В озере водились те же окуни, те же щуки. Здесь, как и в Глубоком озере, по вечерам поднимались к самой поверхности несметные стаи сороги. И так же, как на Глубокое озеро, опускалась на воду озера Светлого тихая и задумчивая белая ночь.
Белая ночь опускалась на воду Светлого озера так же медленно и незаметно. Небо из желтого становилось малиновым, потом малиновые краски густели, догорали, появлялись бурые и сиреневые тона, и только над самым лесом, под темными облаками оставалась на всю ночь светлая, желтая полоска нетающей зари. Эта полоска медленно плыла над лесом с запада на восток, потом будто останавливалась на востоке, разгоралась, расходилась шире, поднималась вверх, уступая место первым мягким лучам летнего северного солнца.
С солнцем на берег озера приходили коровы. Коровы приходили на водопой после ночной кормежки в лесу.
В летнее время стадо на Севере пасут обычно ночами. Днем скот донимают слепни. Слепни появляются с восходом солнца. Коровы сначала отмахиваются от них хвостами, подергиваются всем телом. Но когда слепней много, ни хвосты, ни подергивания не помогают, и стадо устремляется к воде и заходит в воду так, что из воды торчат только рогатые головы. Если воды поблизости нет, а слепни заедают совсем, то стадо может «сбеситься». «Сбесившиеся» коровы высоко поднимают хвосты и несутся бог знает куда, безумно вытаращив глаза.

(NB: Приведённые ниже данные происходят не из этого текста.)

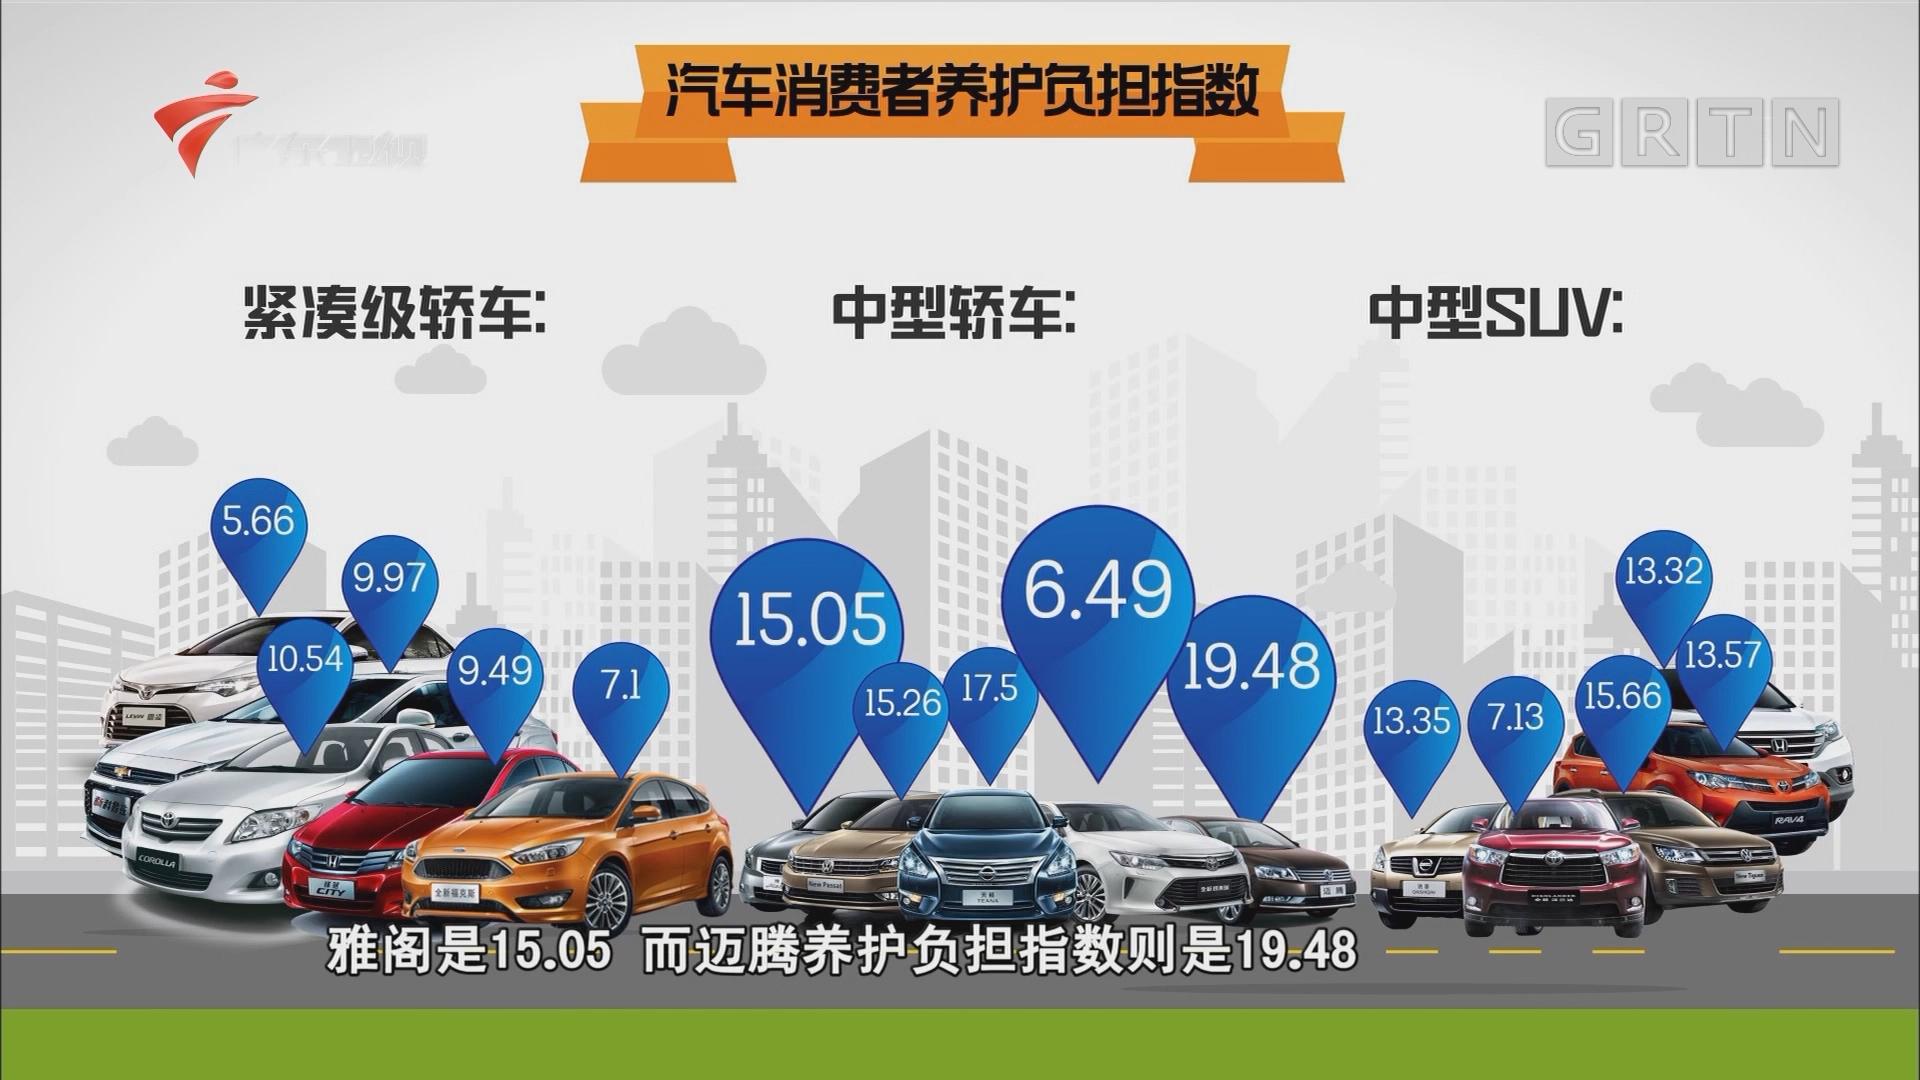 大数据告诉你如何保养汽车
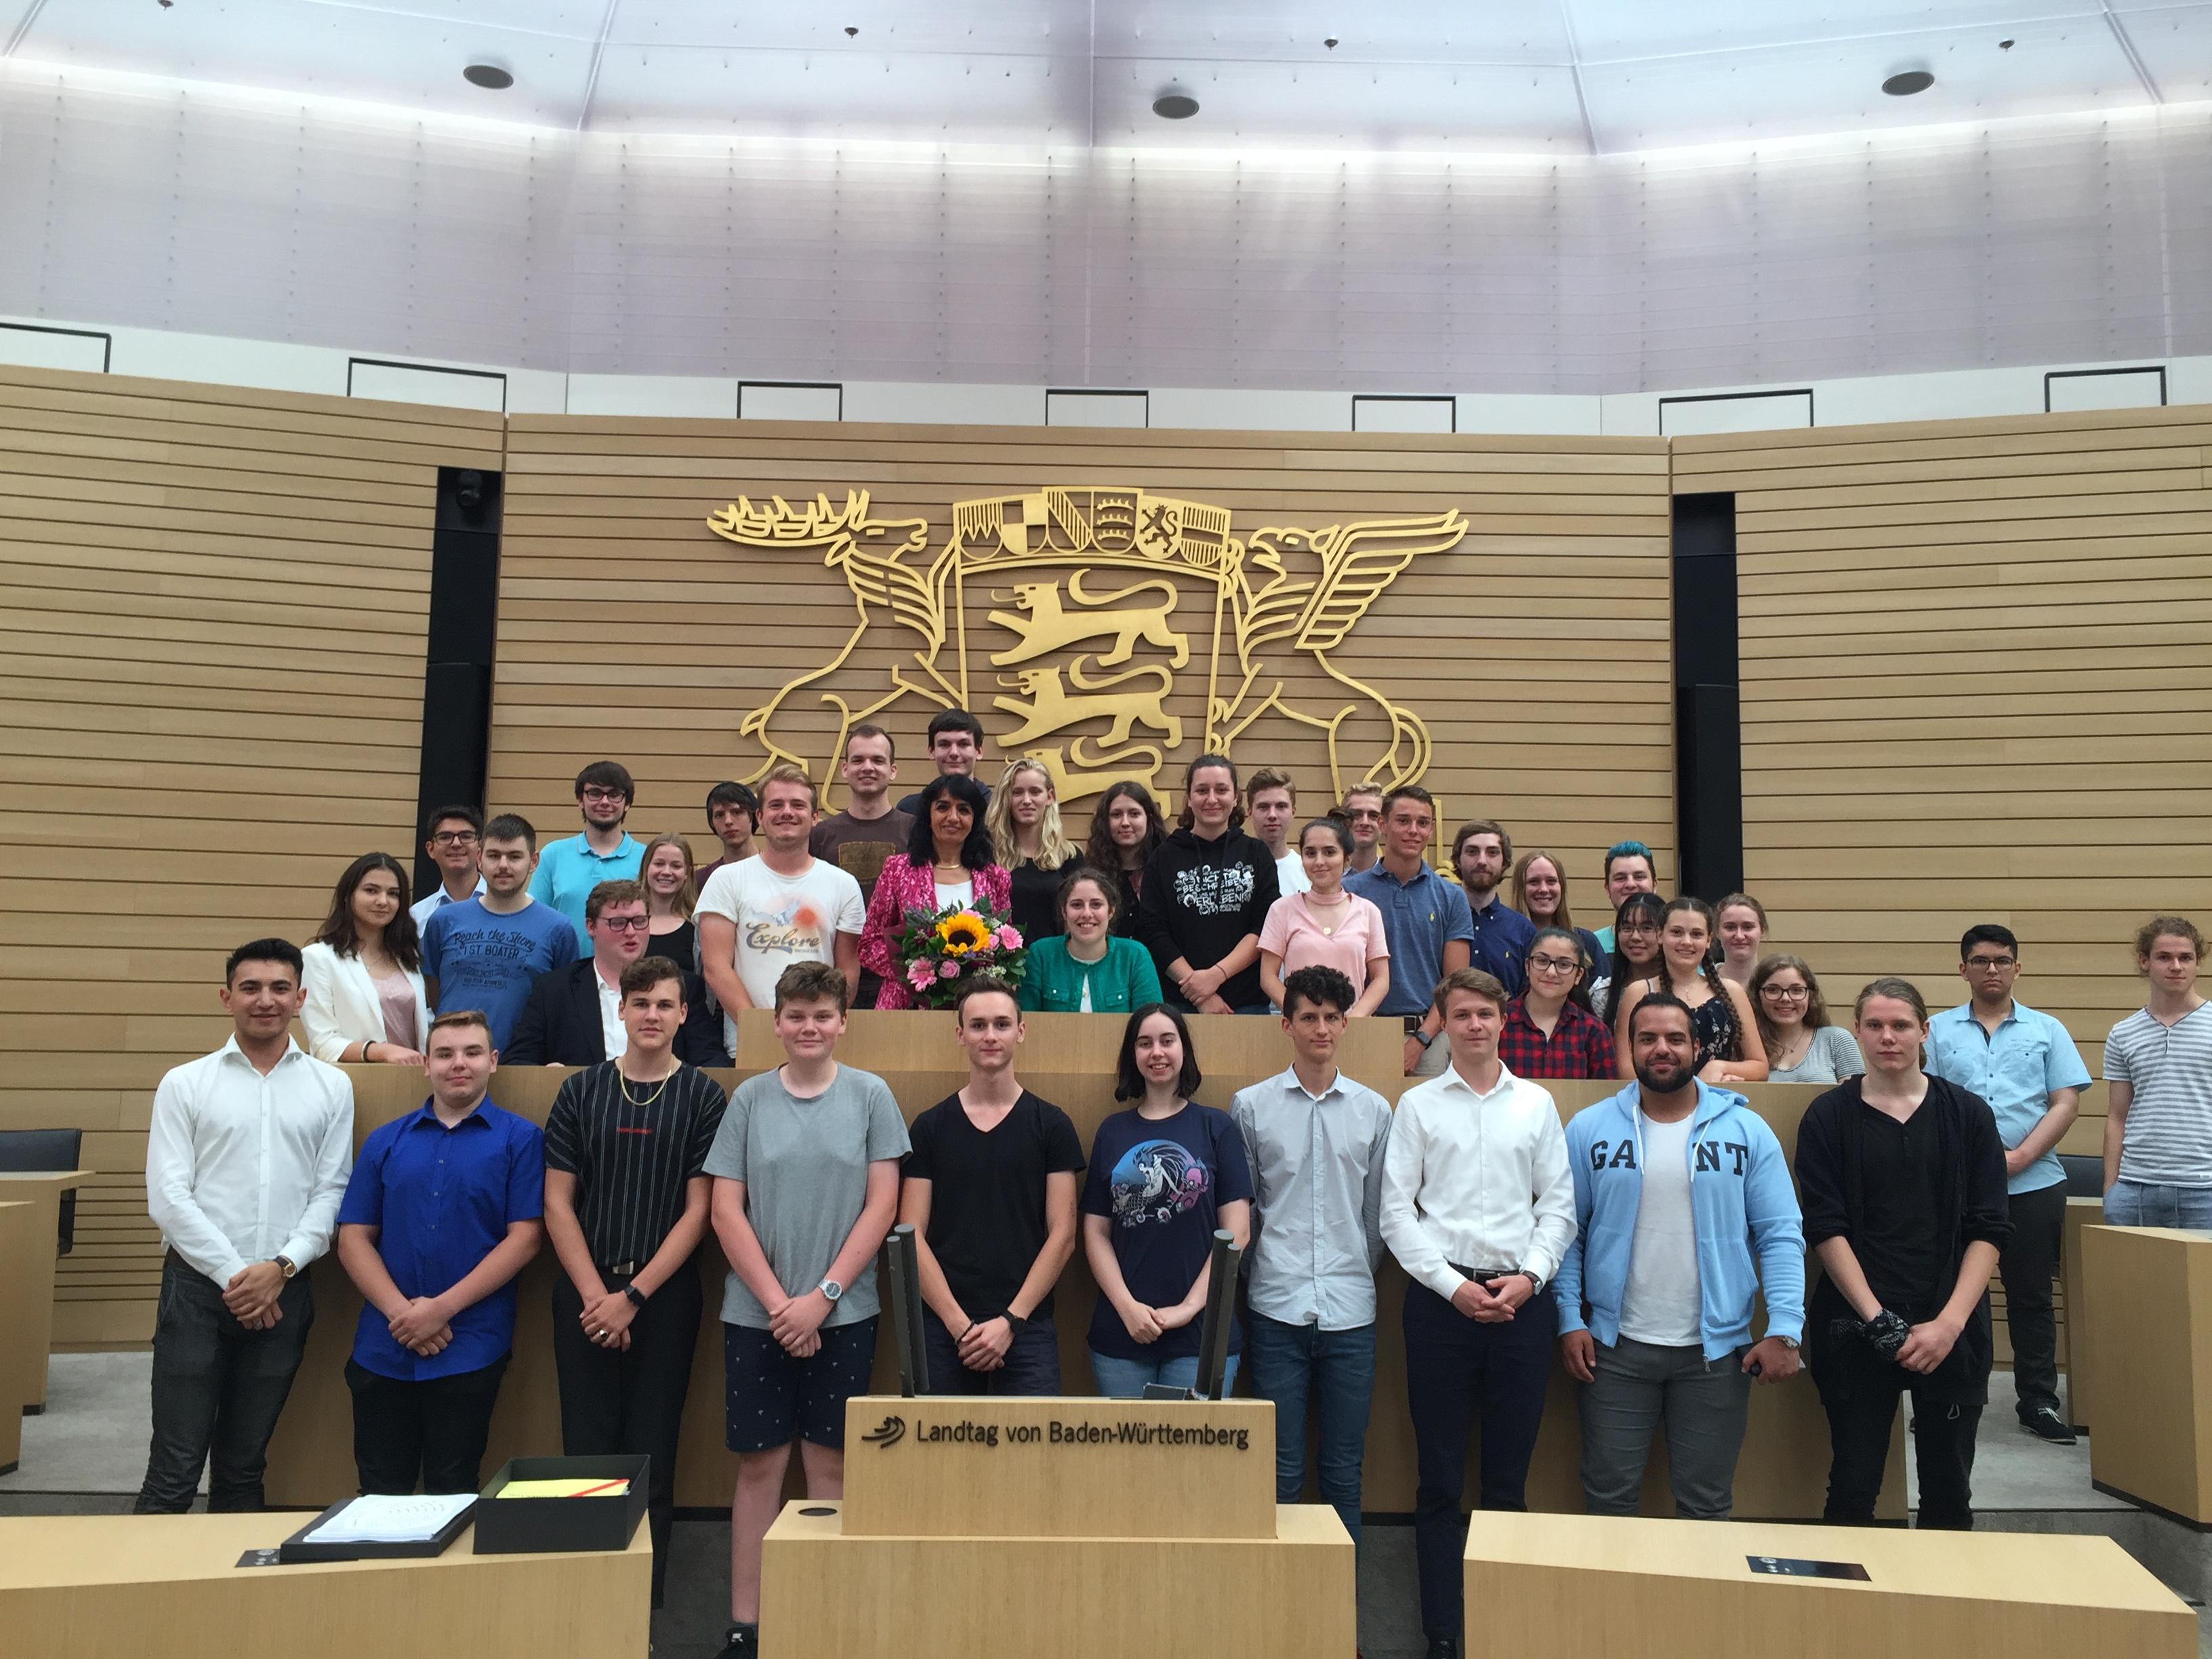 Der Landtag öffnet die Türen für die Jugendgemeinderäte aus Baden-Württemberg

Ночью коровам спокойней — в это время слепней нет. Но ночью к стаду могут подойти звери. Не успел я поставить палатку на берегу Светлого озера, как пастухи рассказали мне, что два дня назад пестрая телушка вернулась с ночного пастбища с ободранным боком.
Кто мог напасть на телушку? Волки? Нет. Пастух клянется, что во всем виноват медведь. Это от его лапы остались на пегом боку телушки глубокие борозды когтей. А ведь медведя в этих местах не слышно было давно.
Нет, медведь здесь постоянно не живет. Он здесь ходовой, редкий зверь — только заглядывает в эти места. Да и как жить медведю в этих краях, когда кругом грохочут узкоколейки, вывозящие лес, когда по лесным дорогам-лежневкам день и ночь носятся рычащие лесовозы. Нет, места эти уже не медвежьи.
На берегу Светлого озера я задержался, и задержался только потому, что очень хотел найти себе друга. От пастухов я узнал, что в деревне не так давно ощенилась хорошая охотничья собака и что от этой собаки можно заполучить щенка.
Но щенок еще был слишком мал, отнимать его тут же от матери я не решился, а потому стал ждать, когда мой маленький друг немного подрастет.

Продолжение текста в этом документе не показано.